_WHAT IS EXPECTED_
After finding the line with "Jeune barman féminin" in the data below, set down exactly each line through the one with "Feld-Klee Blätter", inclusive, and stop there.

_SUPPLIED RECORDS_
···

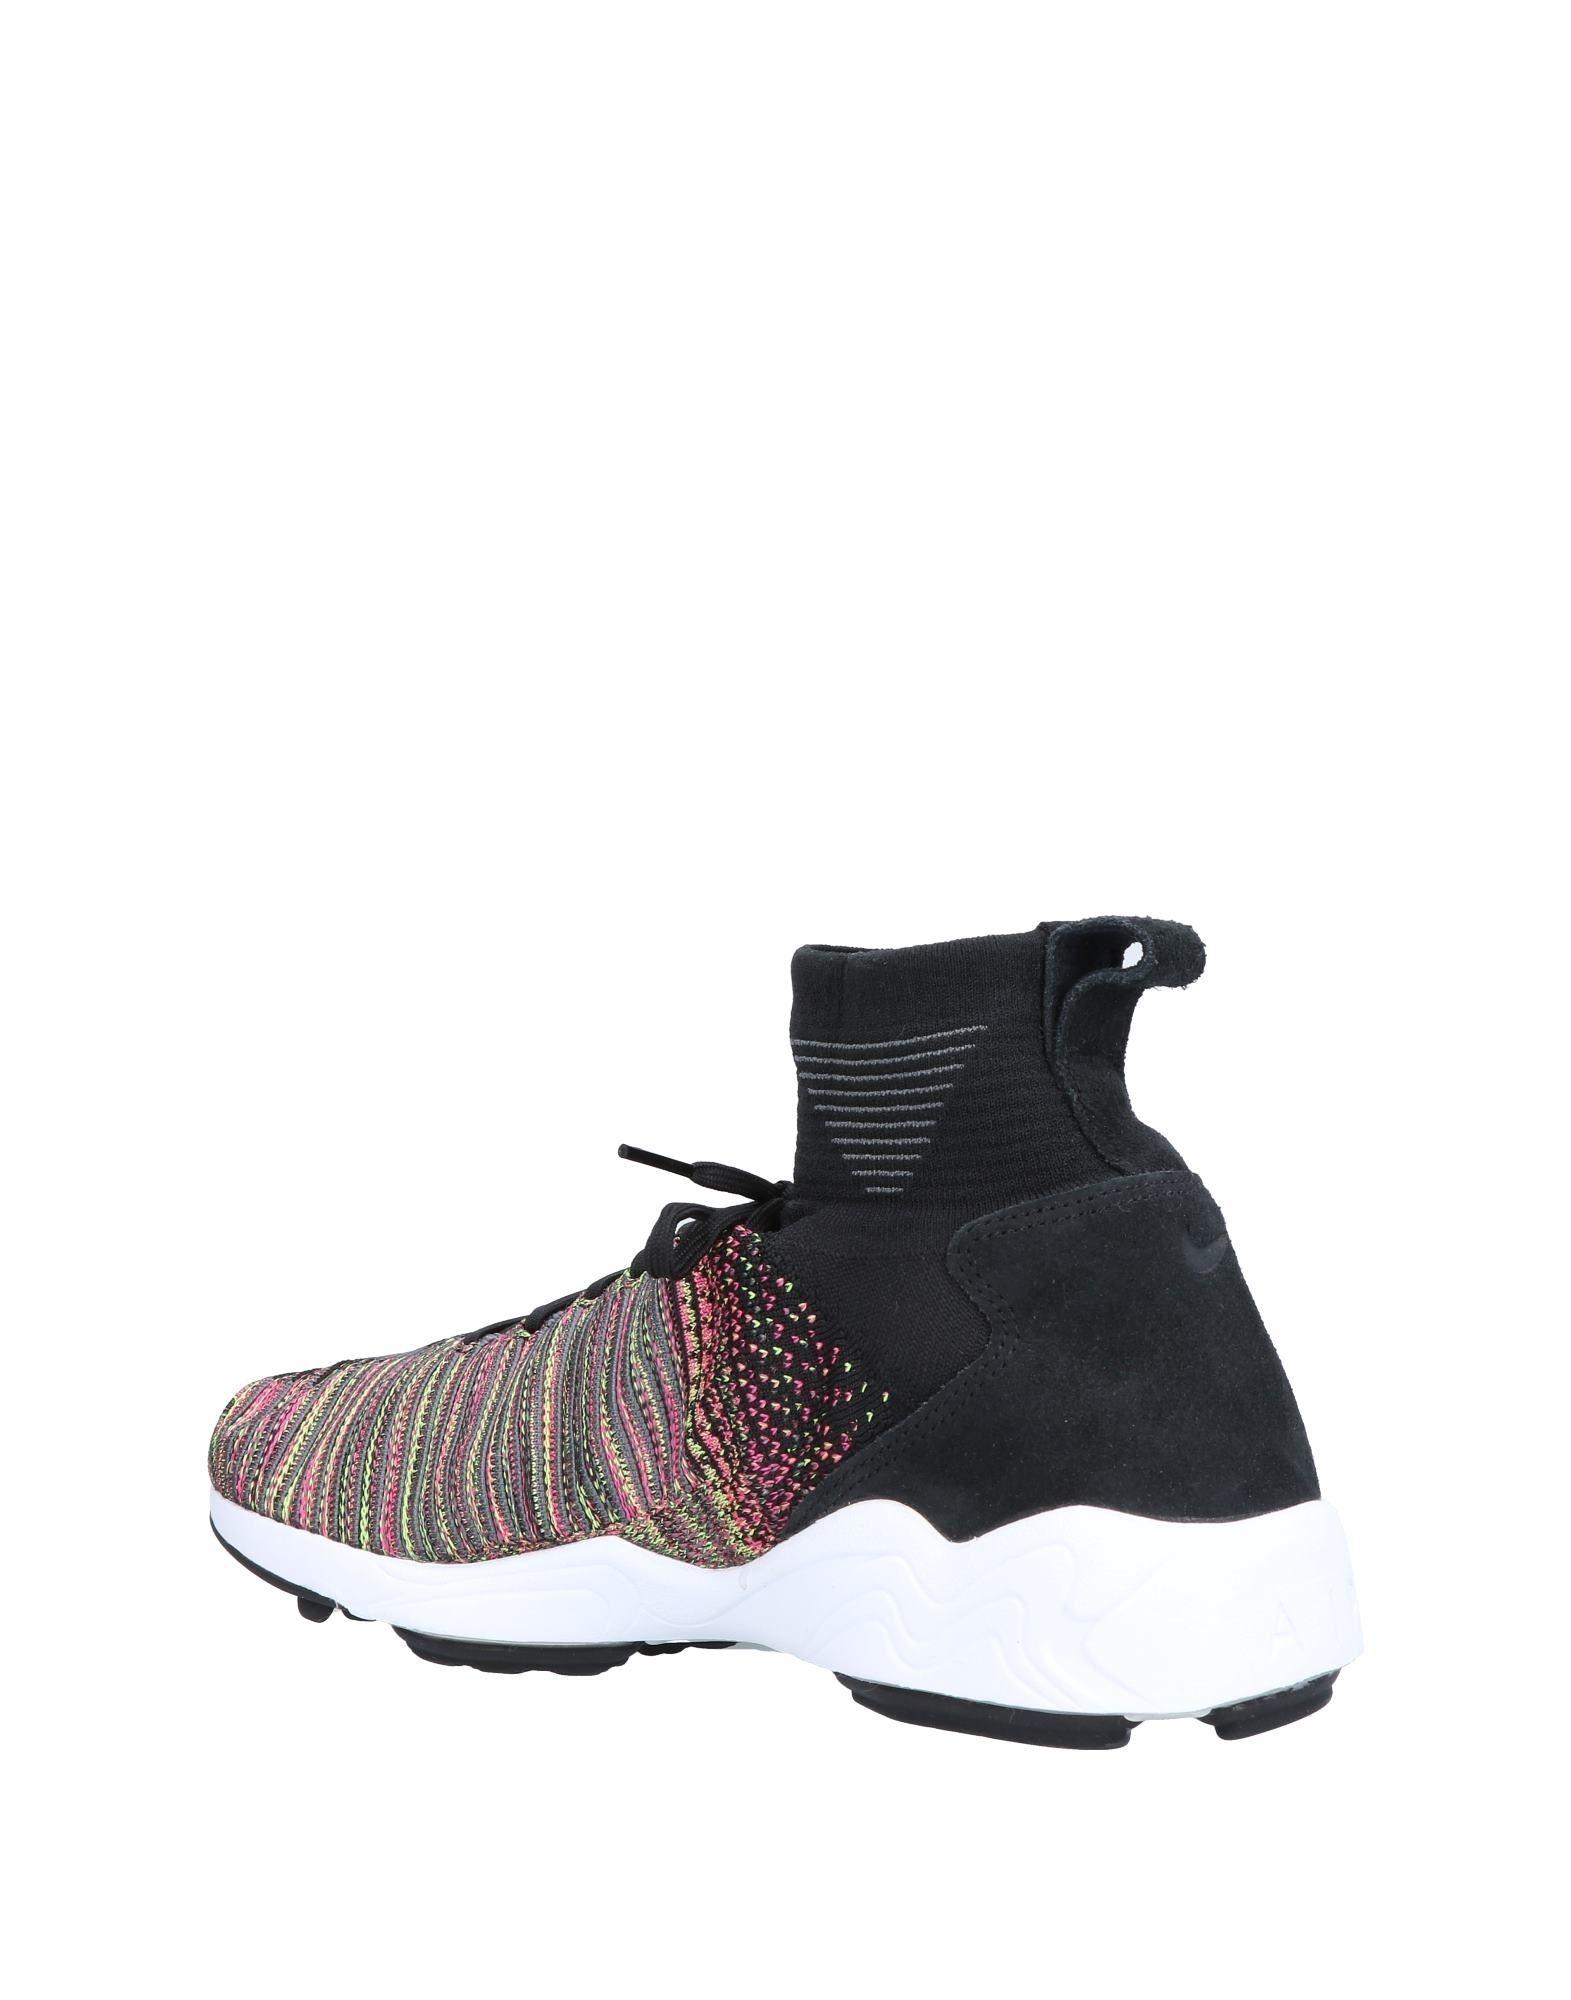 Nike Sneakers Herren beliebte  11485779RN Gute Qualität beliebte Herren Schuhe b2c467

···

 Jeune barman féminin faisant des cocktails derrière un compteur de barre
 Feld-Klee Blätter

···

_TASK RESULT_
 Jeune barman féminin faisant des cocktails derrière un compteur de barre
 Feld-Klee Blätter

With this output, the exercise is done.